Required clarification:

  • Confirm rubrics only called from within Environment.step() implementation
  • Clarify that training code example is showing environment's internal logic, not client code
  • Or: Explicitly state this RFC amends RFC 002 to allow external reward computation

🟡 ALIGNMENT FLAG #4: Missing Integration with Environment API

Concern: The RFC doesn't show how rubrics integrate with the existing Environment base class.

Questions:

  1. Does Environment base class get a new rubric attribute?
  2. Does framework auto-call rubrics, or must each environment manually invoke?
  3. How do rubrics access environment internal state (mentioned in RFC 002:168)?

Expected in RFC:

  • Proposed changes to Environment class signature
  • Example showing environment using rubric in its step() implementation
  • Pattern for rubrics accessing environment state if needed

Evidence: RFC 002:82 shows current Environment interface with no rubric field


🟢 ALIGNMENT FLAG #5: LLMJudge Container Pattern (Informational)

Not a violation, but worth discussing:

The RFC proposes LLMJudge as a container rubric that "calls an LLM endpoint via configured MCP service" (line 105-109).

Architectural question:

  • If LLMJudge calls out to external LLM via MCP, how does this interact with:
    • Container isolation (environments run in Docker)
    • The "MCP for agents" boundary (are rubrics using agent tools?)
    • Network access restrictions (INVARIANTS.md:32)

Likely fine if:

  • LLMJudge is server-side only (per Flag Initial skeleton #1)
  • Calls external service, not agent's MCP tools
  • Environment container has network access configured

Suggested: Add note about LLMJudge network requirements in deployment section


Minor Issues (Not Blocking)

Documentation Gaps

  1. No "What Changes" for Environment base class (line 151-159)

    • Table shows new classes but not modifications to existing Environment API
    • Should show proposed Environment constructor/step signature changes
  2. State serialization unclear (line 176)

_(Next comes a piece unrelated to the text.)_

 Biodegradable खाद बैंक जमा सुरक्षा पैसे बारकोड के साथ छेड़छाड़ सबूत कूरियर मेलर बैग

    • state_dict() / load_state_dict() mentioned but not explained
    • What state needs serialization? Weights? Config? Both?
    • Are rubrics expected to be stateful (like _WordleRewardProvider._guess_history)?
  3. Missing "Open Questions" about environment state access

    • RFC 002:168 says rewards can use "internal state transitions"
    • How do rubrics access environment's internal state?
    • Or are they limited to (action, observation) pairs?

Examples Could Be Clearer

  1. CodeRubric example (line 73-88)

    • Shows composition but mixes gating logic with weighted sum
    • Could show simpler examples first, then build to complex
  2. Training loop example (line 139-147)

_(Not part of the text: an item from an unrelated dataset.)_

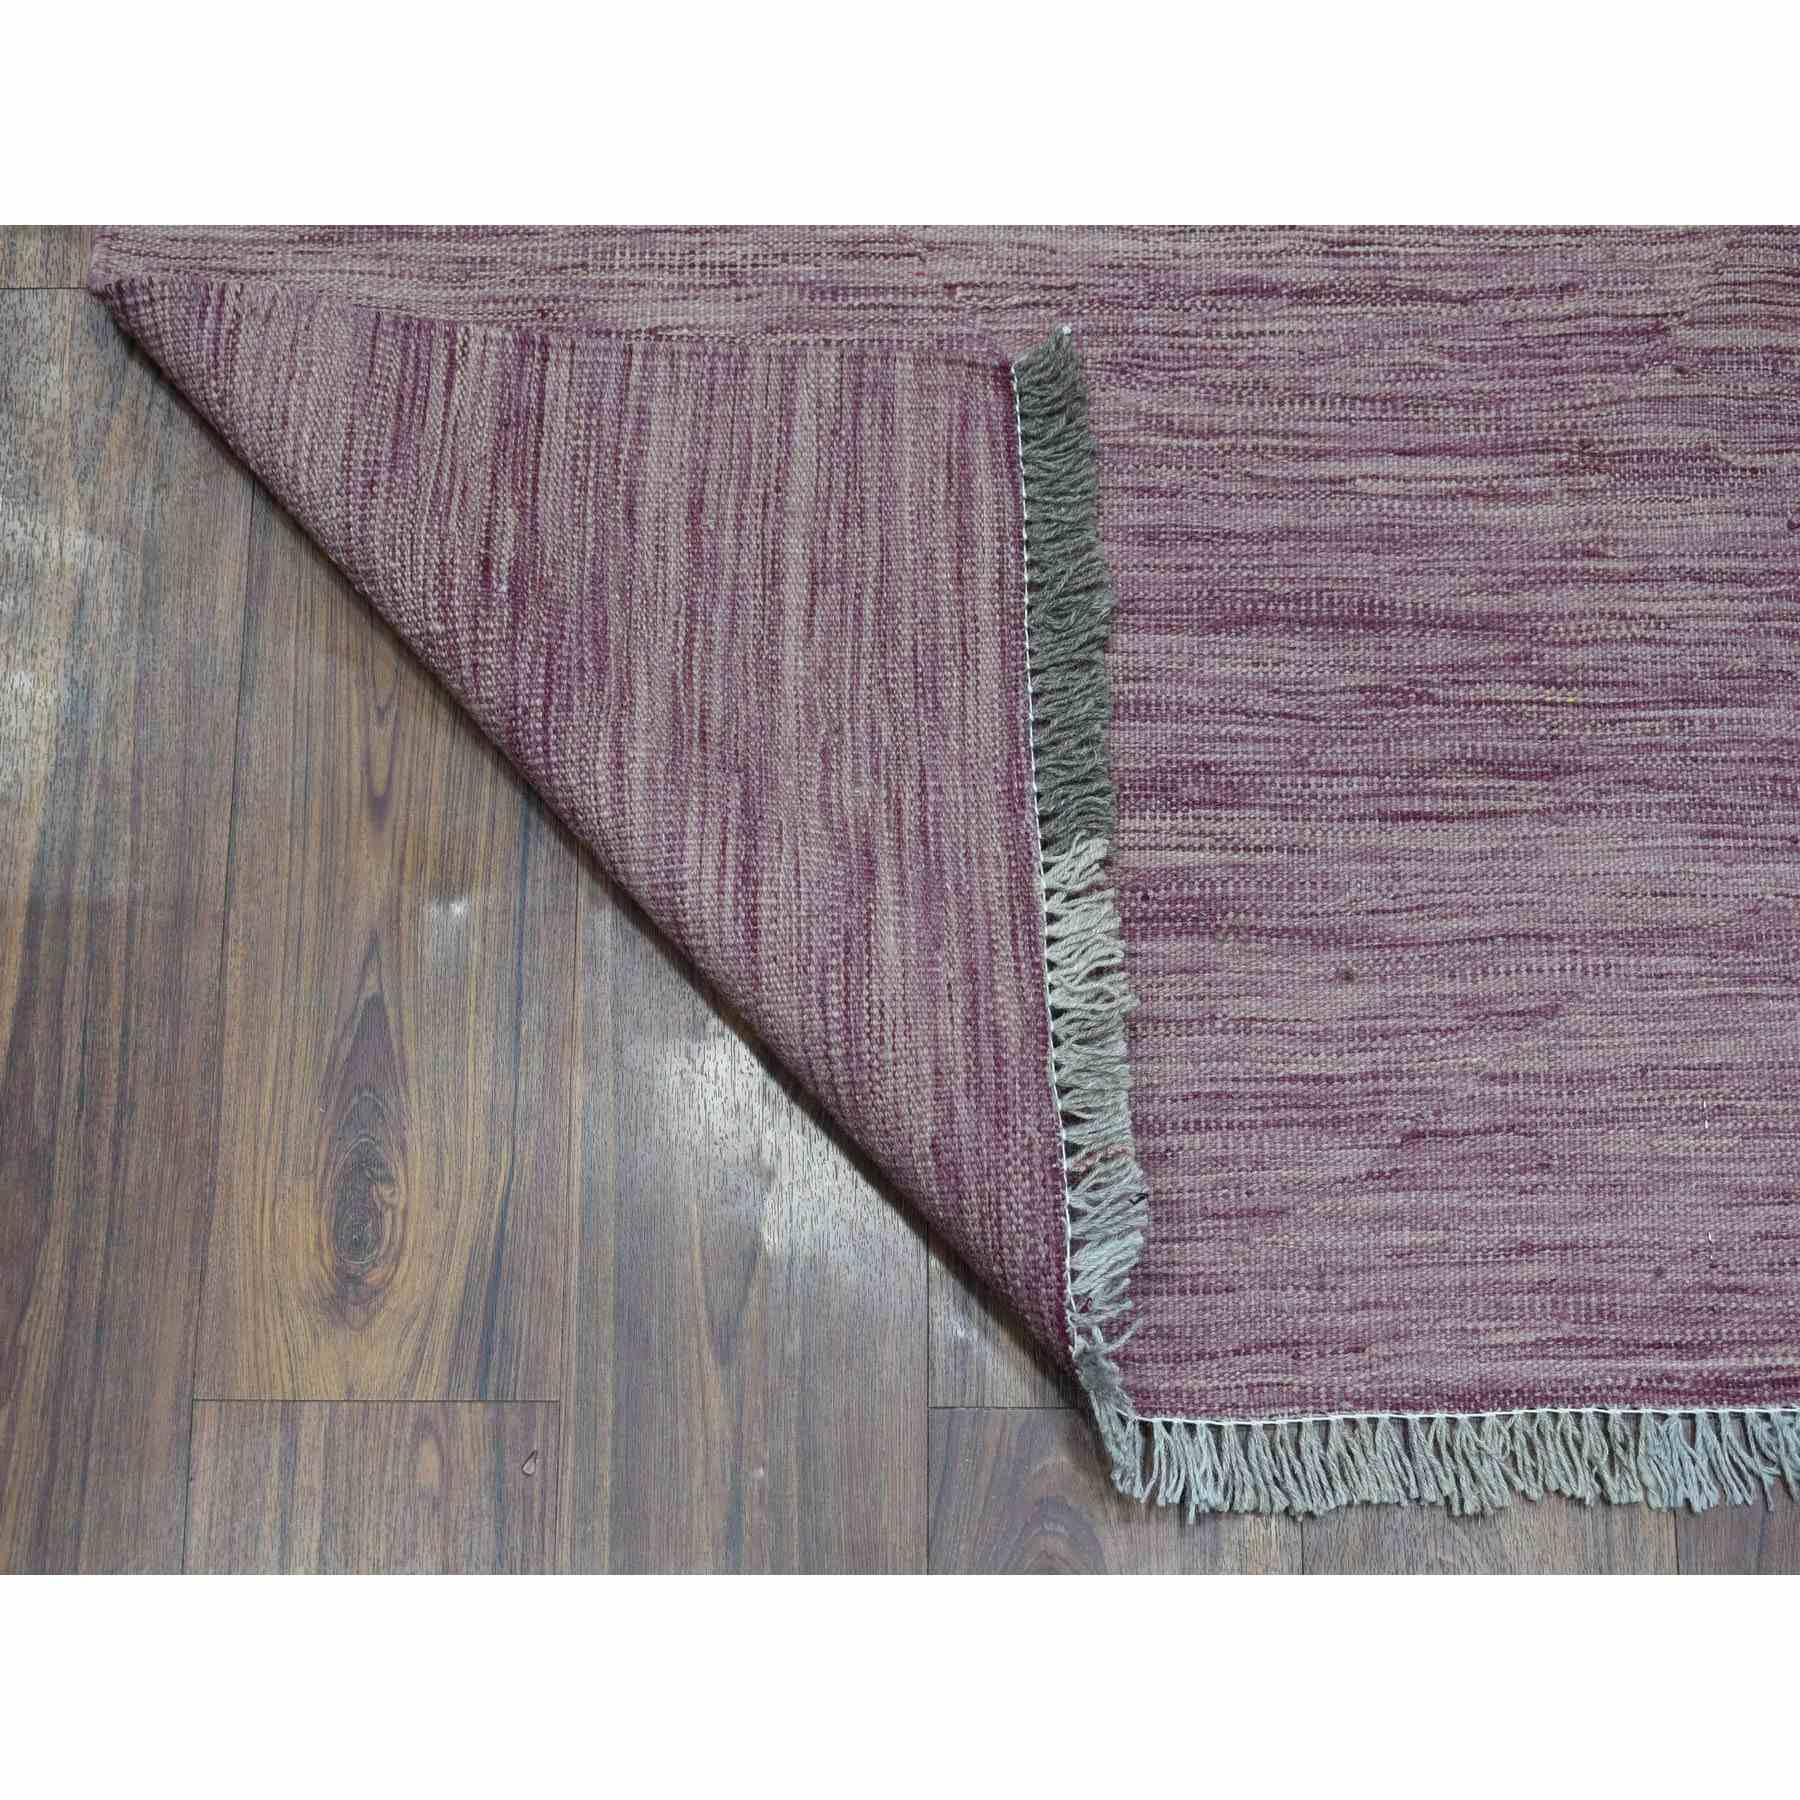 "2'8""x16' Lavender Shades Reversible Kilim Pure Wool Hand Woven XL Runner Oriental Rug"

    • Appears to show client-side reward computation (contradicts RFC 002)
    • Should clarify this is environment's internal implementation

Positive Observations

Strong academic grounding - Appendix with literature patterns is excellent
Composable design - nn.Module analogy works well
Clear alternatives section - Shows thoughtful design exploration
Hook-based observability - Avoids polluting base class
Sync-first API - Good ergonomics for simple cases


Recommendations

Before Merge

MUST address:

  1. Flag Initial skeleton #1: Add explicit statement about server-side execution and MCP boundary
  2. Flag Add boiler plate code for CodingEnv #3: Clarify async example doesn't violate "rewards inside environment"
  3. Flag Add BaseHTTPClient to talk to Envs via JSON over RPC. #4: Show integration with Environment base class

SHOULD address:
2. Flag #2: Explain relationship to existing RewardProvider and Transform pipeline

Consider for Follow-up

  • Separate RFC for Transform pipeline (mentioned in invariants but not documented)
  • Migration guide for existing environments using RewardProvider pattern
  • Examples of rubrics accessing environment internal state

Summary

This RFC proposes a well-designed abstraction for reward computation. However, it has unclear boundaries with existing architectural decisions:

  1. Dual API model - Needs explicit confirmation rubrics are server-side only
  2. Rewards-in-environment invariant - Async example suggests external computation
  3. Environment integration - Missing concrete API changes to Environment class

These are likely documentation gaps rather than design flaws, but they risk implementation that violates established invariants. A human reviewer (suggest @Darktex) should confirm the intended architecture before implementation begins.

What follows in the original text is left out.